Can every (non-odd) set be partitioned into subsets of two elements?

Question

Can every (non-odd) set be partitioned into subsets of two elements? By this I mean that given a set $A$, there is some $S \subset \mathscr{P}(A)$ such that every element of $S$ has exactly two elements and every element of $A$ appears in exactly one element of $S$. For a trivial example, $\mathbb{Z}^+$ can be partitioned into $\{ \{1,2\}, \{3, 4\}, \dots \}$.

It seems like "common sense" that this partition should exist, but I have been unable to prove it. I was hoping for a construction using simple set theory operations, but a proof by negation would be second-best. However I would be happy just to know if this is something that can be proved only by some more advanced mathematics.

---

My thoughts on constructing a partition for progressively more complicated sets $A$ follow.

If $A$ were allowed to be finite, it's easy to see that it can be so partitioned depending on whether the cardinality is even (can be partitioned) or odd (cannot be partitioned).

If $A$ were countably infinite, then one could use recursion to build up the required partition. I guess it would look something like this: If $f: \mathbb{Z}^+ \rightarrow A$ is a counting function, then let $x = f(1)$, choose any $y = A - \{x\}$, and set $S_1 = \{\{x,y\}\}$. Then for subsequent iterations, let $x = f(\min \{i \vert f(i) \in A - S_n\})$ and $y$ be any other element of $A - S_n$ and then define $S_{n+1} = S_n \cup \{ x, y \}$.

Now if $A$ is uncountable but has an order (which I assume means that there is a bijection with $\mathbb{R}$, although I don't know this for a fact), then a partition might be the image under this bijection of $$\bigcup_{i\text{ even}} \{\{x, x+1\} \vert x \in [i, i+1)\}$$

But now we come to the general case of uncountably infinite sets. I'm not a mathematician and so I have pretty limited tools at my disposal, but my failure to produce a proof so far has led me to start questioning my "common sense" assumption that said partition exists.

Answer 1

The answer to your question is yes, but my proof will rely heavily on the Axiom of Choice. I don't know immediately whether your claim is true without choice.

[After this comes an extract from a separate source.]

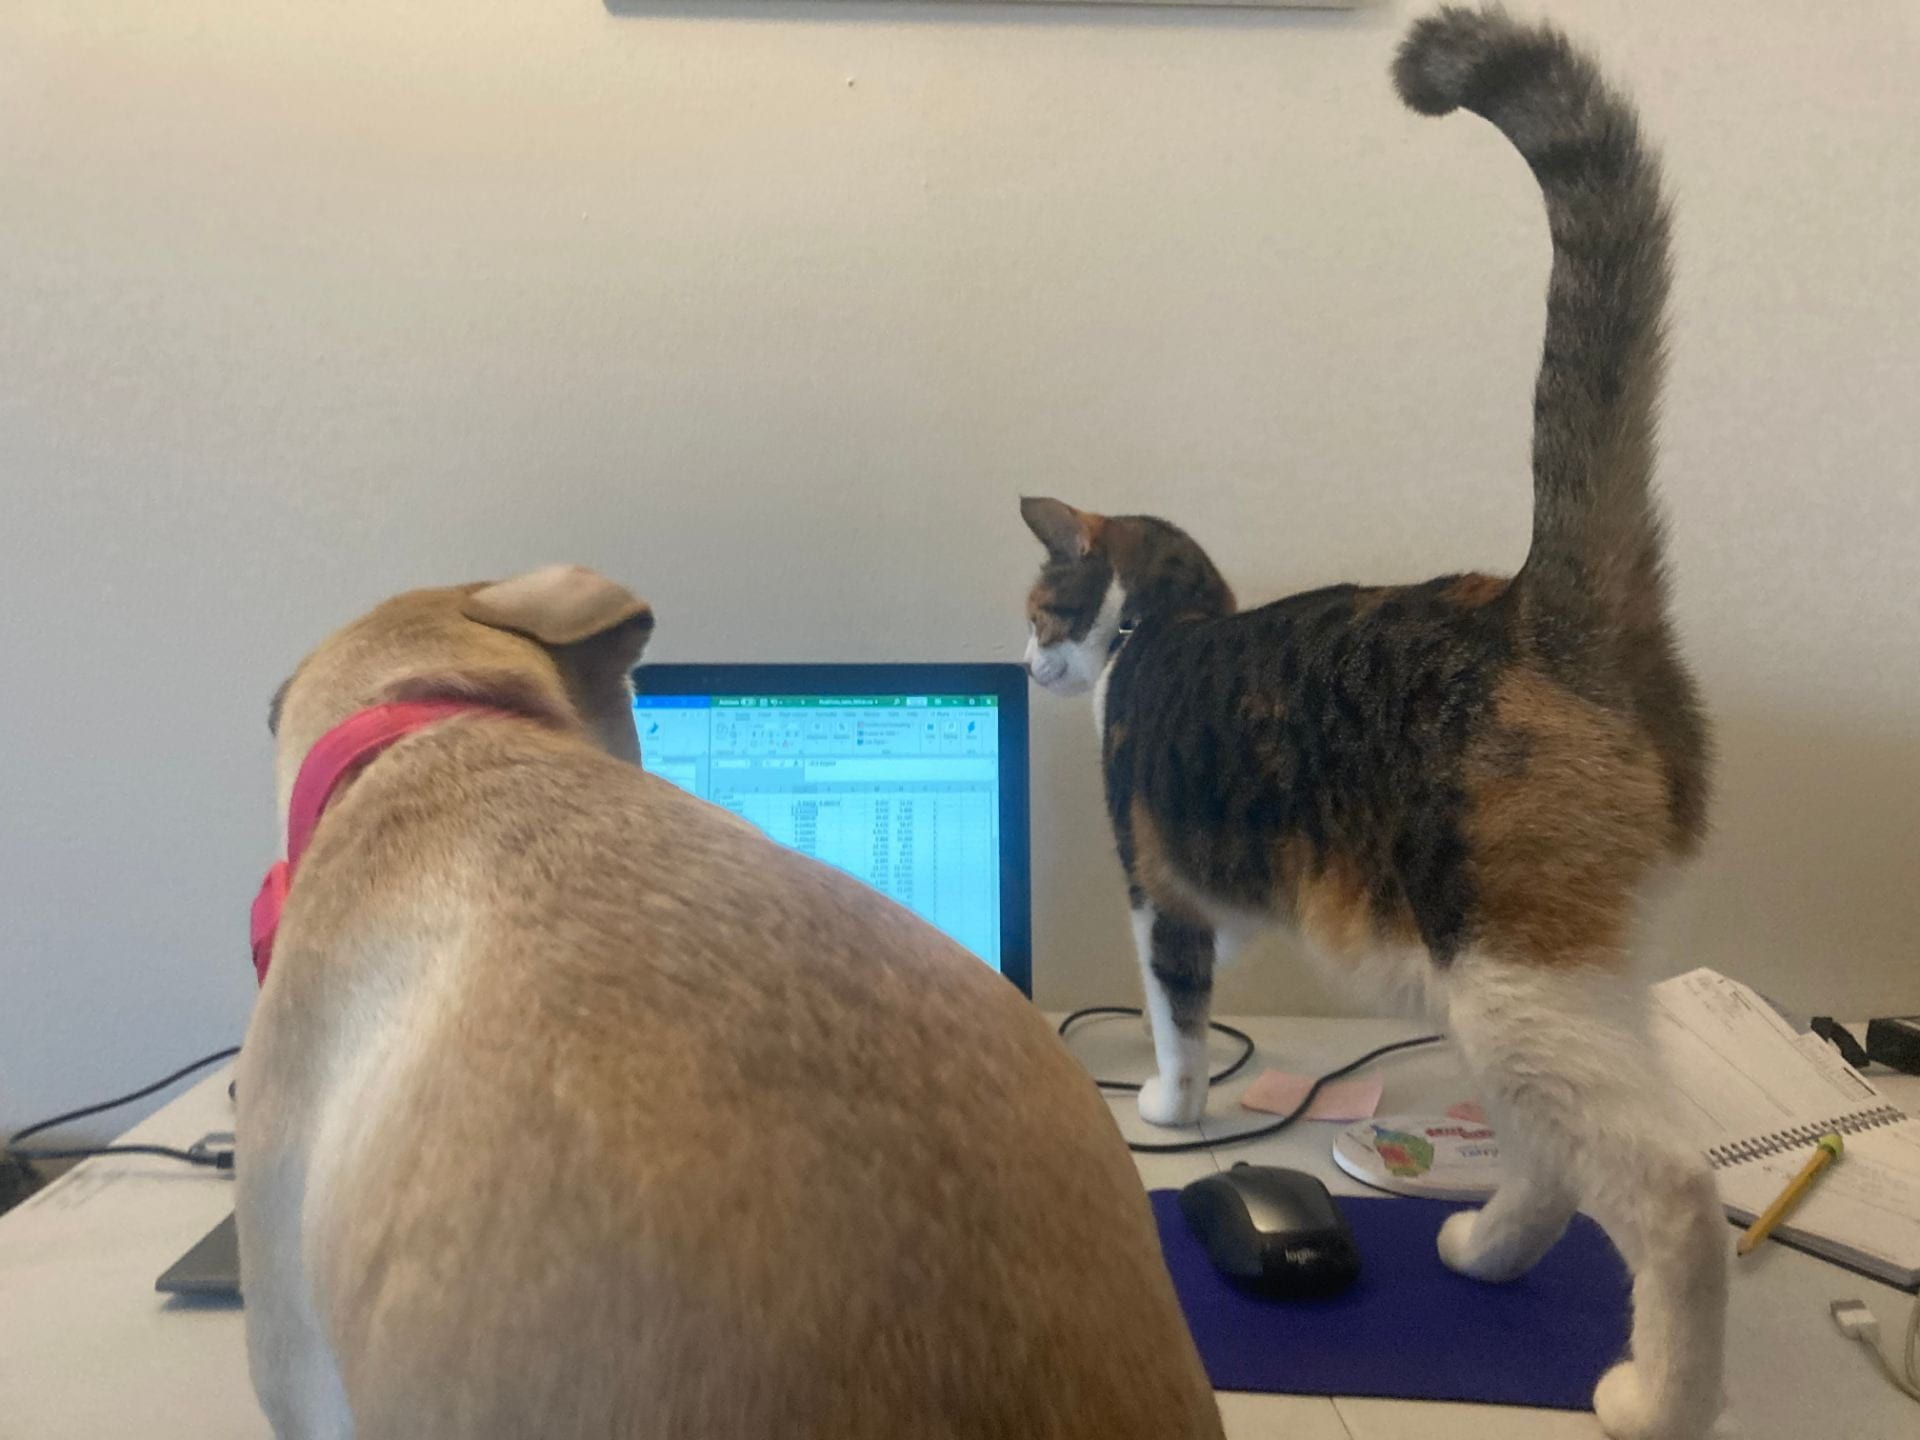 An inquisitive dog and cat get in the way of a computer screen on a work desk.

Well order $A$ in the order type of its cardinality. That means (using consequences of the Axiom of Choice) that we pick a bijection $f: \kappa \to A$ for some cardinal $\kappa$. Let $\alpha \in \kappa$ be any ordinal. Then $\alpha$ can be uniquely expressed as $\beta + n$, where $\beta$ is a limit ordinal and $n \in \Bbb N$. Pair up $f(\beta+ 2k)$ with $f(\beta+2k+1)$.

When $A$ is uncountable, this proof essentially partitions $A$ into a whole bunch of copies of $\Bbb N$, and then uses the obvious partition on $\Bbb N$.

Answer 2

Hint If $\kappa$ is an infinite cardinal, let: $$ E:=\{\alpha<\kappa:\alpha\in Lim(\kappa)\vee\exists\beta\in Lim(\kappa)\exists k\in\omega(\alpha=\beta+2k)\}. $$ You can think about $E$ as the set of even ordinals below $\kappa$. Define $P:=\{\{\alpha,\alpha+1\}:\alpha\in E\}$. It is a partition of $\kappa$ into pairs. Now, by AC, you can do the same in every infinite set.